The gradual reopening of the U.S. economy coupled with the harsh reality that the COVID-19 pandemic is far from over has put airlines in a difficult spot. Their challenge: to make the travel experience as safe as possible and spark a recovery in air traffic without jeopardizing passenger health.
Analyzing how two of the industry's largest players, Delta Air Lines (DAL 0.34%) and United Airlines (UAL 1.98%), are responding to that challenge, and taking a look at each airline's cash burn and balance sheet, can help investors determine which airline is the better buy right now.
COVID-19 turbulence ahead
Both United and Delta have ratcheted up their efforts to reduce the odds that the coronavirus will spread on their planes or elsewhere within their operations -- and in many ways, the safety and hygiene measures they've taken are similar.
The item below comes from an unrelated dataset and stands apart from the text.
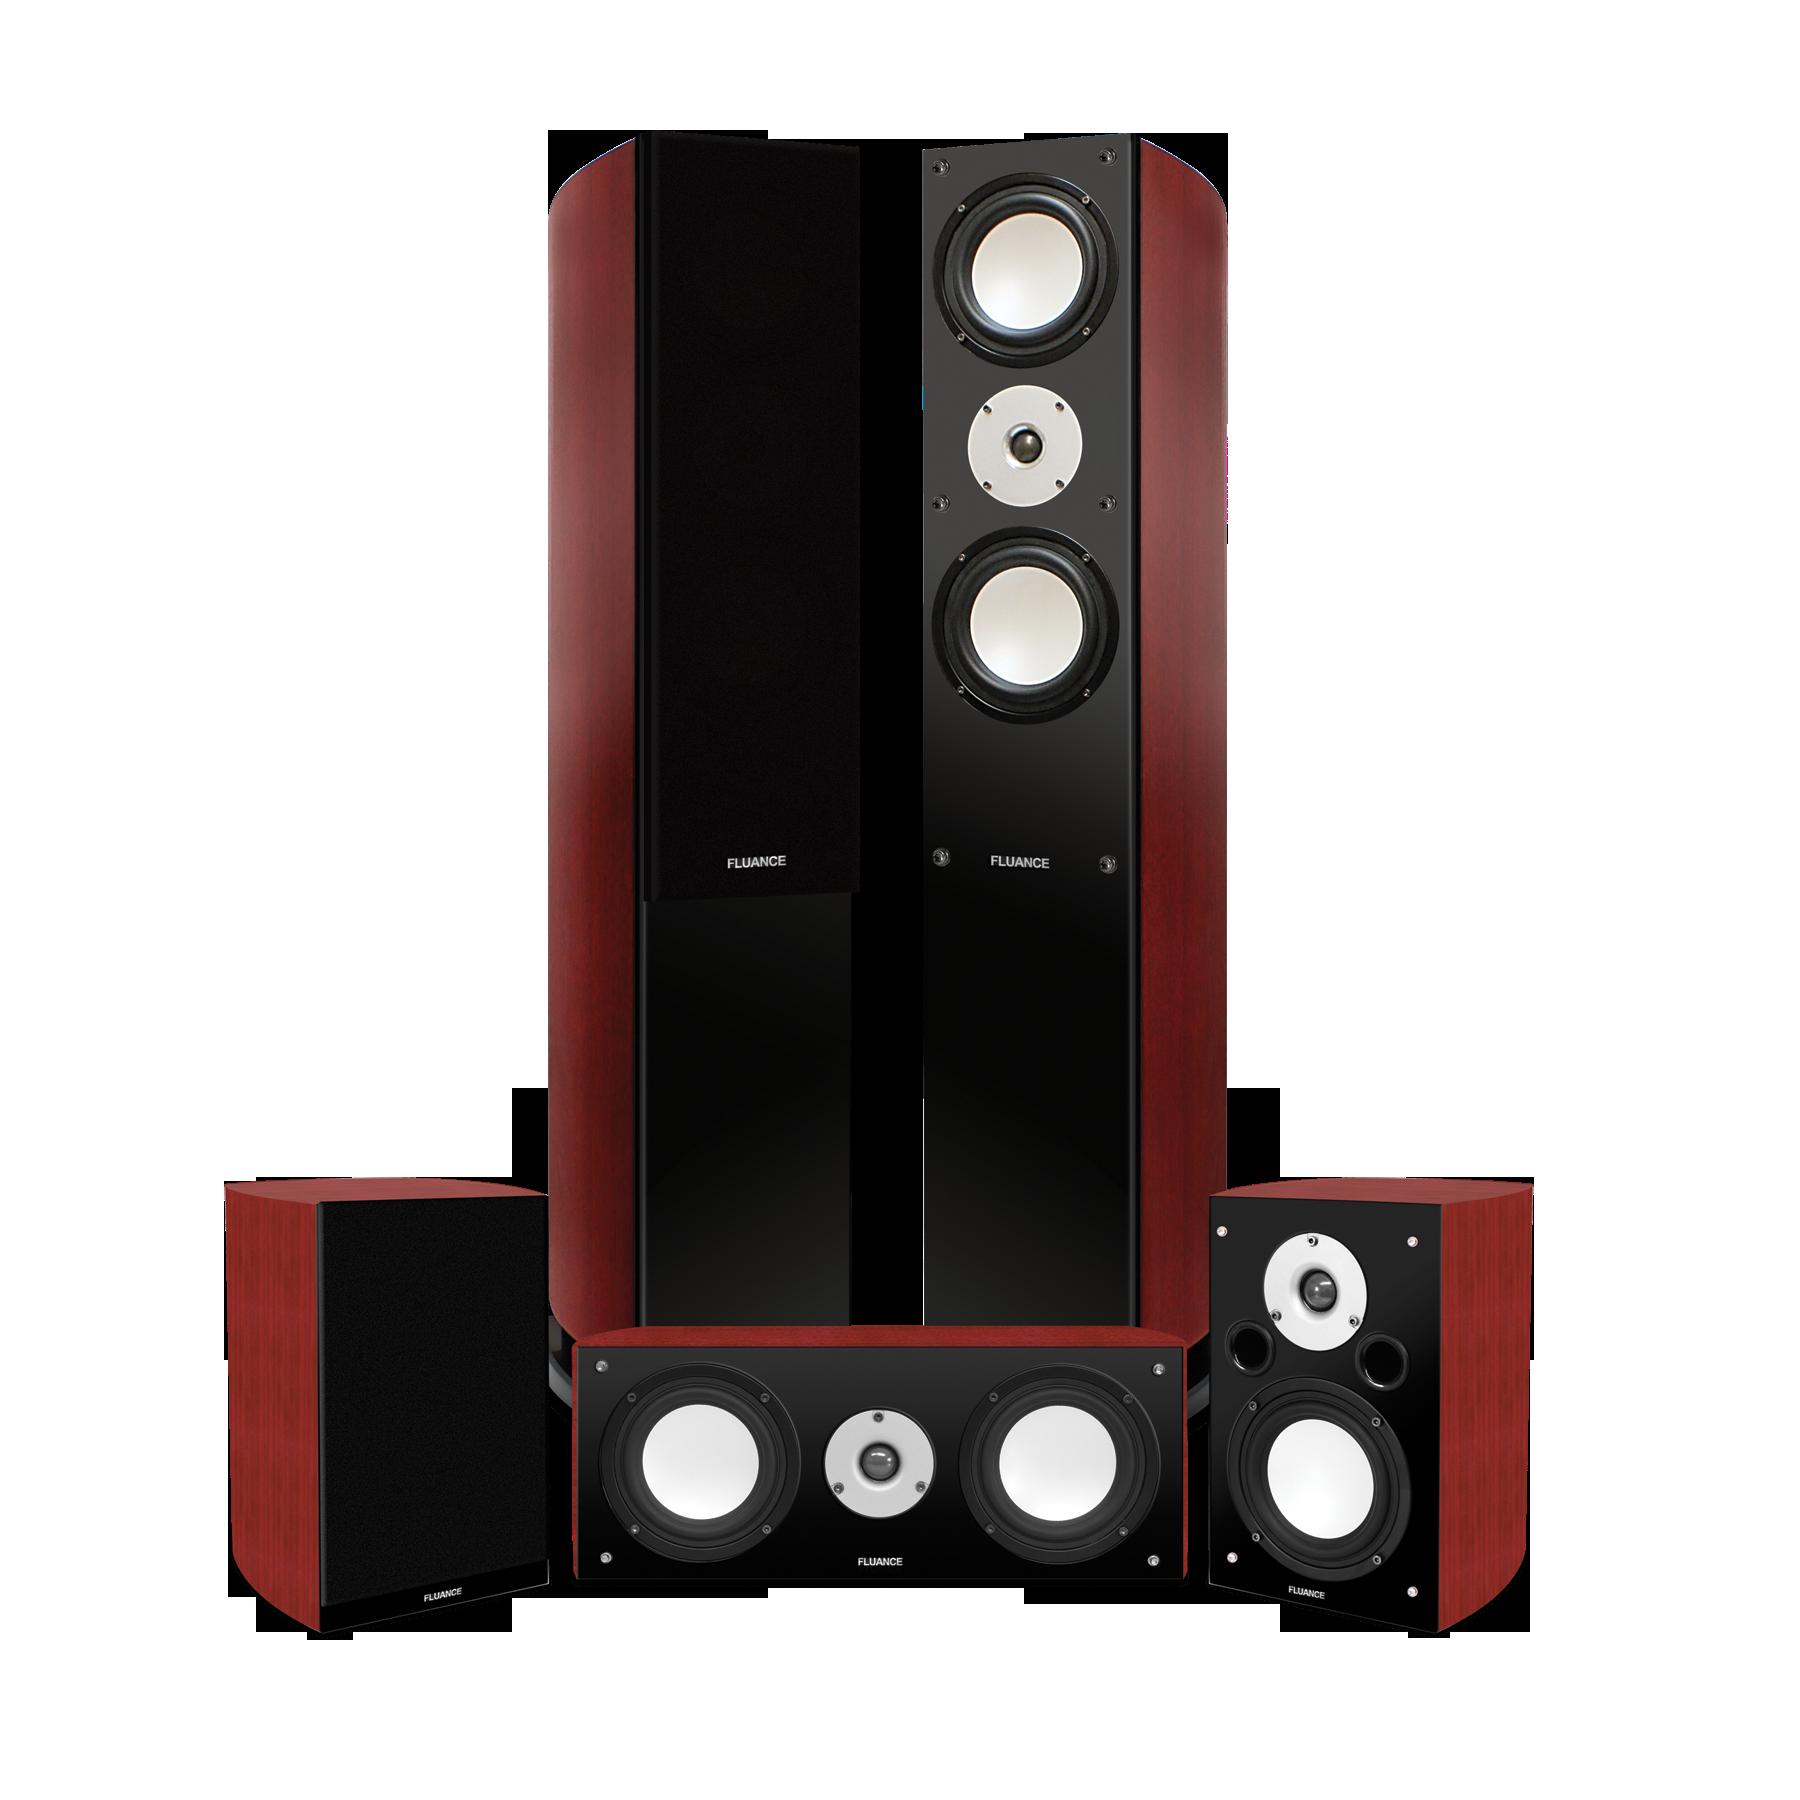 Fluance XLHTB Home Theater Speaker System

The United CleanPlus and Delta CareStandard programs aim to make the entire flying experience safer, reducing the number of physical touchpoints that passengers are exposed to by encouraging them to use apps for tasks previously done mostly in-person. Both airlines have installed plexiglass shields to serve as buffers between gate workers and passengers. On their planes, both use HEPA filters to recirculate cabin air with outside air.
It's hard to quantify the impact these safety measures are having for either airline. For now, investors should note that Delta and United are implementing meaningful solutions that can improve their businesses right now, instead of waiting idly by for the widespread distribution of a vaccine.
While their approaches to safety before boarding are similar, Delta seems to gain an edge when it comes to inflight anti-virus hygiene. Unlike United, which disinfects most aircraft using electrostatic sprays before departure, all Delta flights are sanitized prior to boarding. And although both airlines have instituted protocols under which passengers board each aircraft gradually, are encouraged to socially distance, and are required to wear masks inflight, United doesn't have a capacity cap. The lack of a capacity cap is the biggest difference between United and Delta.
Delta's policy, which simply blocks the middle seat in each row, is a hard and fast way to ensure capacity is capped at two-thirds. Its initial plan was to do that through Sept. 30, but it has since extended the period when it won't fill those seats until at least Jan. 6, 2021.
Both airlines are making impressive efforts to reduce the risks of flying for their customers, but Delta is going the extra mile. It will likely be some time before we can begin to measure what impact (if any) those moves have on customer loyalty to the brands or public perception of them. For now, though, there are two main ways to gauge an airline's health -- its daily cash burn and its balance sheet.
Cash burn comparison
Since March, daily cash burn has been a heavily monitored statistic in this industry. Airlines were blindsided by the pandemic, and the woefully unprepared businesses suffered tremendous losses in its first few months. Delta has since trimmed its daily cash burn, and brought it down to an average of $43 million during the second quarter. It's currently burning about $750 million a month, or $25 million a day. Although United had a lower second-quarter average daily cash burn of $40 million, it too, expects third-quarter daily cash burn to average $25 million. In short, both airlines are losing money at about the same pace right now.
Balance sheet comparison
Delta has historically had a better balance sheet than United, but recent events have cut into its lead. Year to date, Delta's debt-to-capital ratio has increased by 75%, its debt-to-equity ratio has increased by 363%, and total net long-term debt has increased by 8.5%. For United, the debt-to-capital ratio is up by just 23%, the debt-to-equity ratio is up by 183%, and total net long term debt is up by 17.7%.
Both companies have raised a substantial amount of debt by offering their rewards programs -- SkyMiles for Delta and MileagePlus for United -- as collateral. In April, United secured $3.8 billion in 2027 notes at 6.5% and a term loan facility of $3 billion. In mid-September, Delta made plans to raise $2.5 billion in 2025 notes at 4.5% and $3.5 billion in 2028 notes at 4.75%, in addition to a $3 billion term loan facility.
The better buy
Delta's decision to keep its capacity caps in place and its policy of sanitizing all flights prior to boarding give it an edge over United when it comes to how they're responding to COVID-19. Both companies are burning through about the same amount of cash, making that category a tie. Even though Delta has ramped up its leverage considerably further than United has so far this year, it still finds itself with a healthier balance sheet overall. Delta's ability to secure more debt at lower interest rates than United gives it an edge in that category as well. Both have their fair share of risks, but Delta is the better airline stock to buy at this time.